- INFORMATION SHOWN:
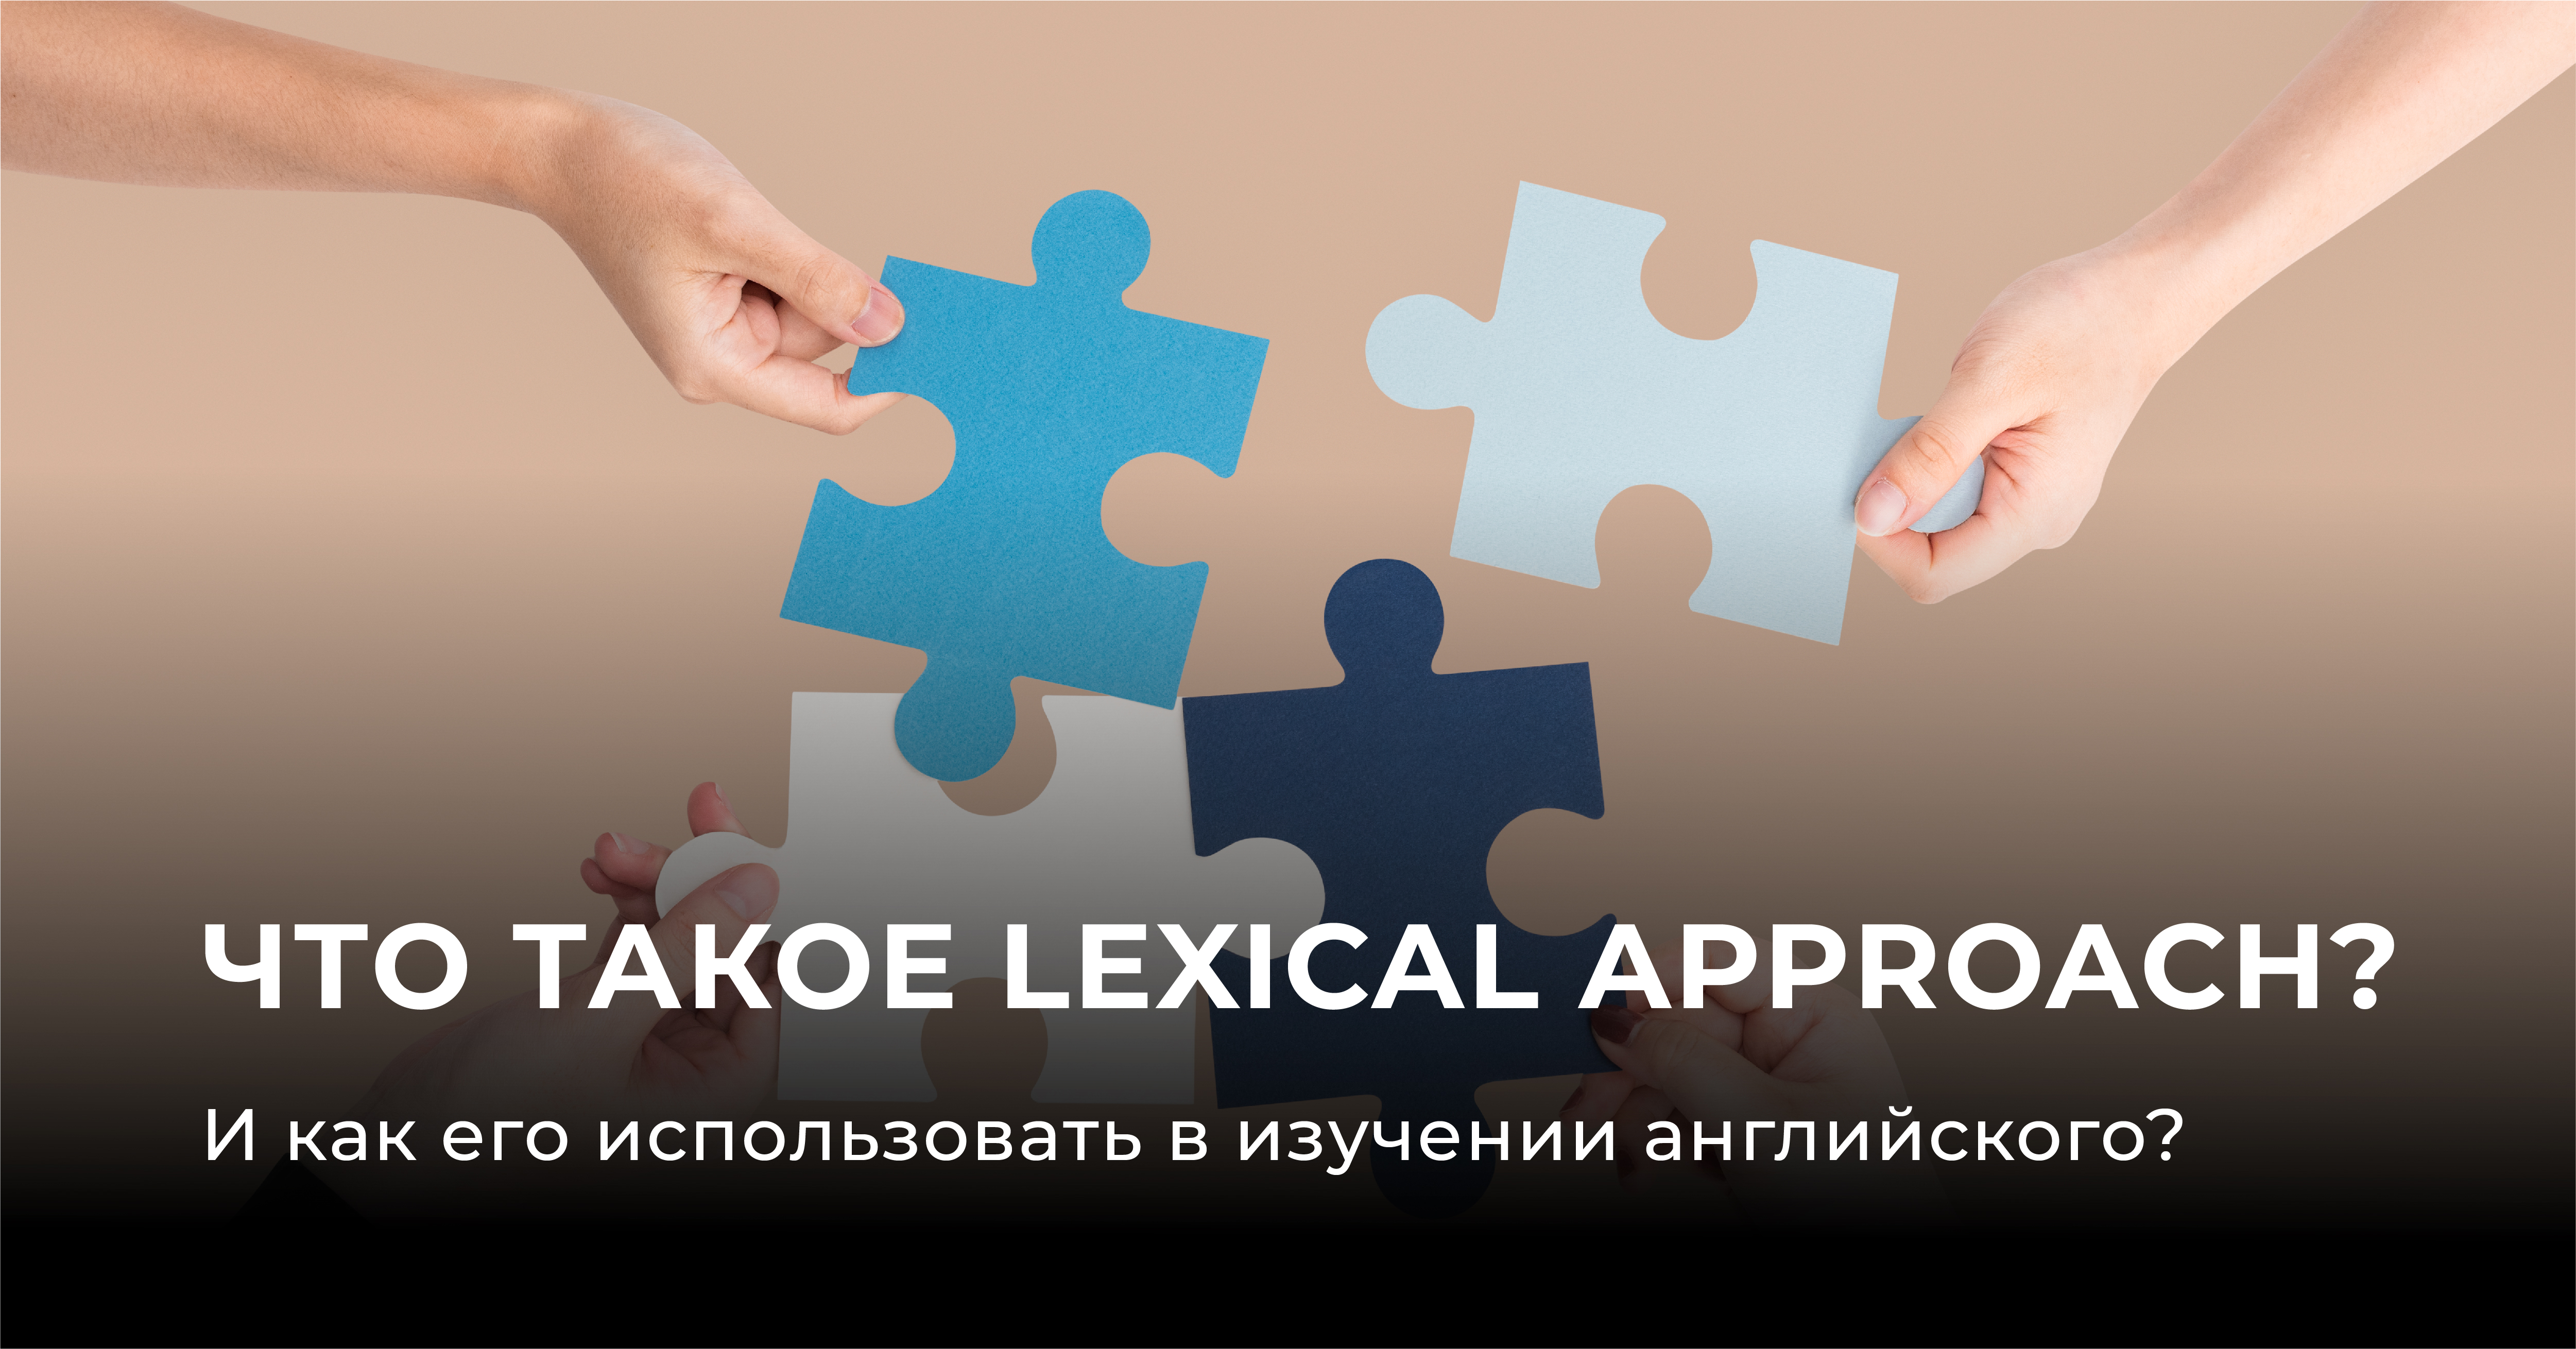 Что такое Lexical approach? И как его использовать в изучении английского?
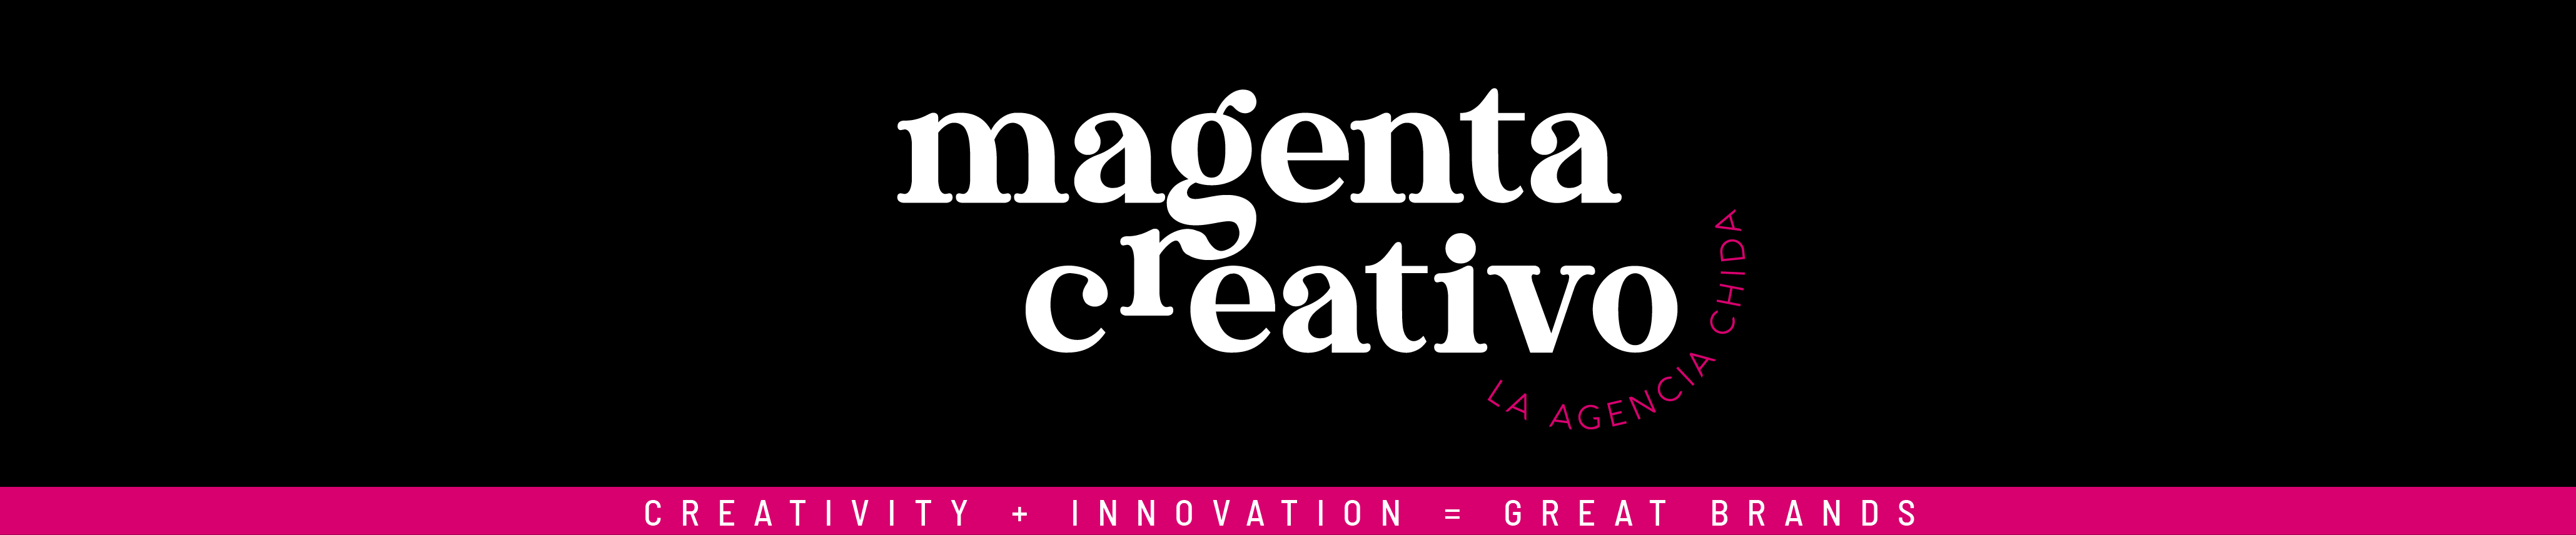 Magenta Creativo MX's profile banner
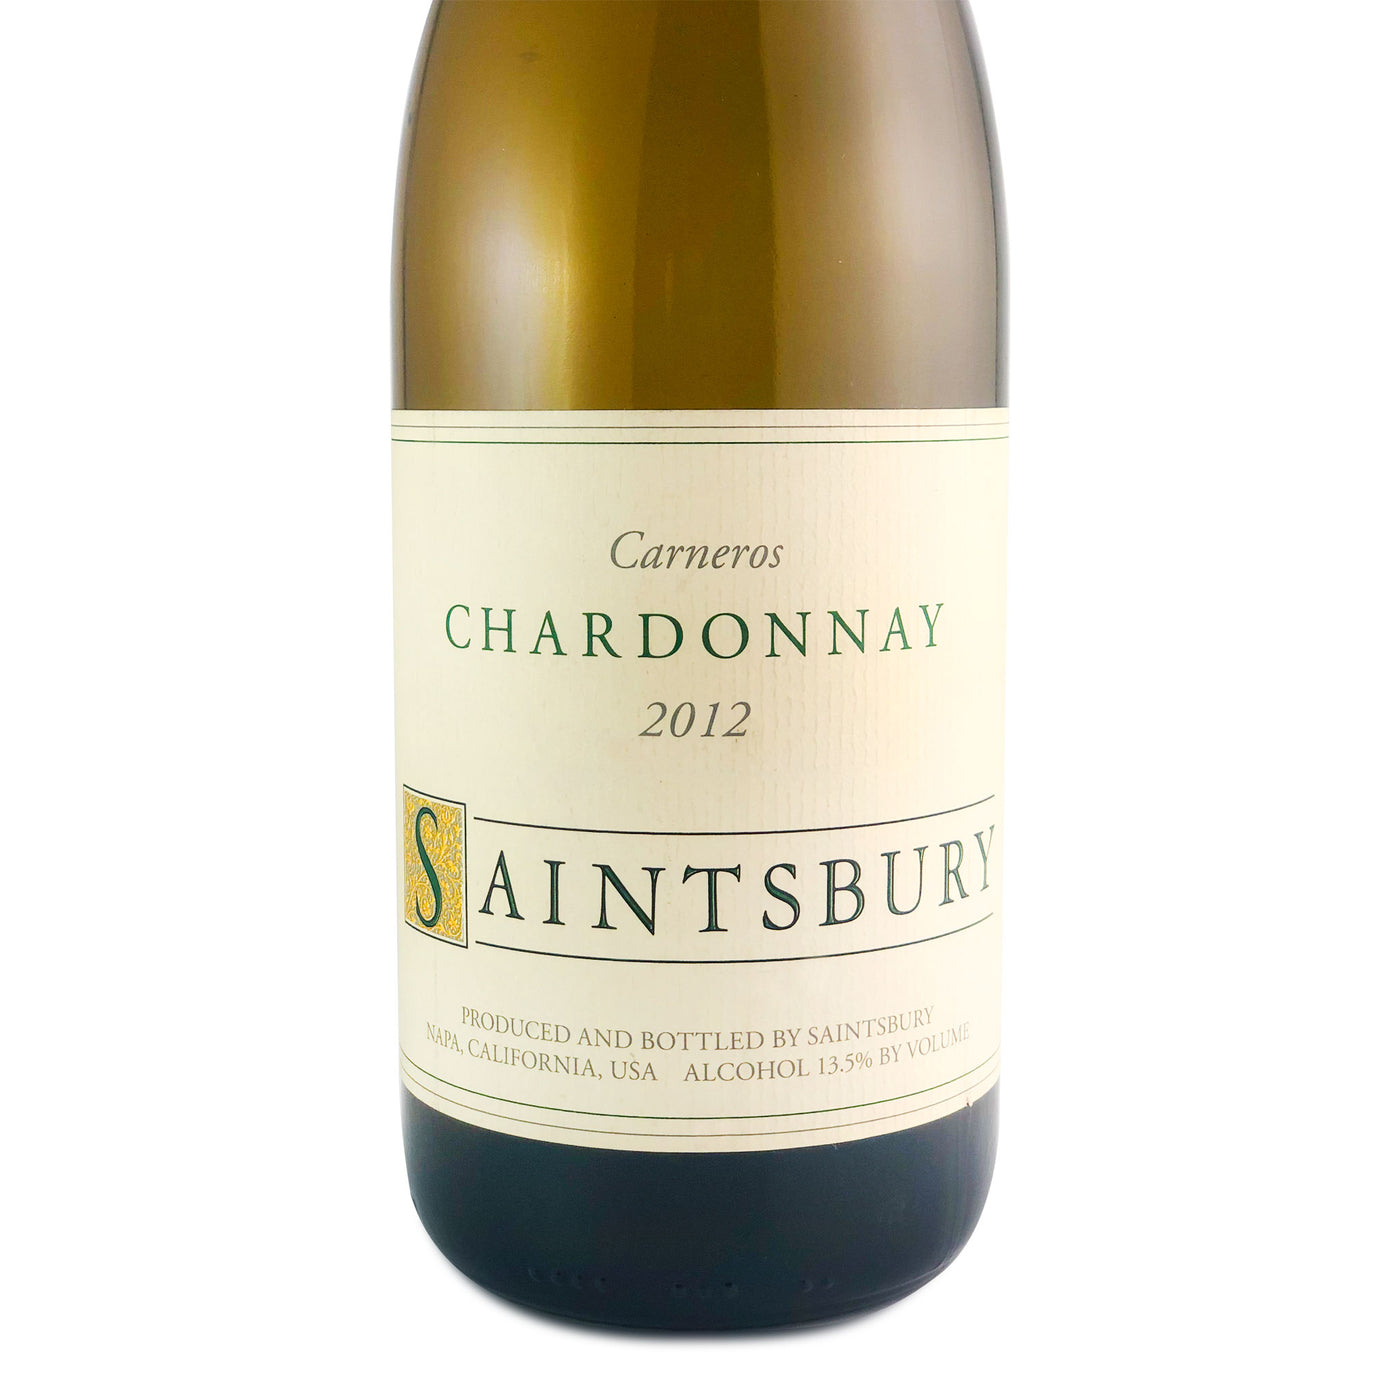 Saintsbury Carneros Chardonnay 2012

- PROBLEM DESCRIPTION: Exactly as given, set down each line of the material, but include no pictures.

- WRITTEN REPLY:
 Что такое Lexical approach? И как его использовать в изучении английского?
 Magenta Creativo MX's profile banner
 Saintsbury Carneros Chardonnay 2012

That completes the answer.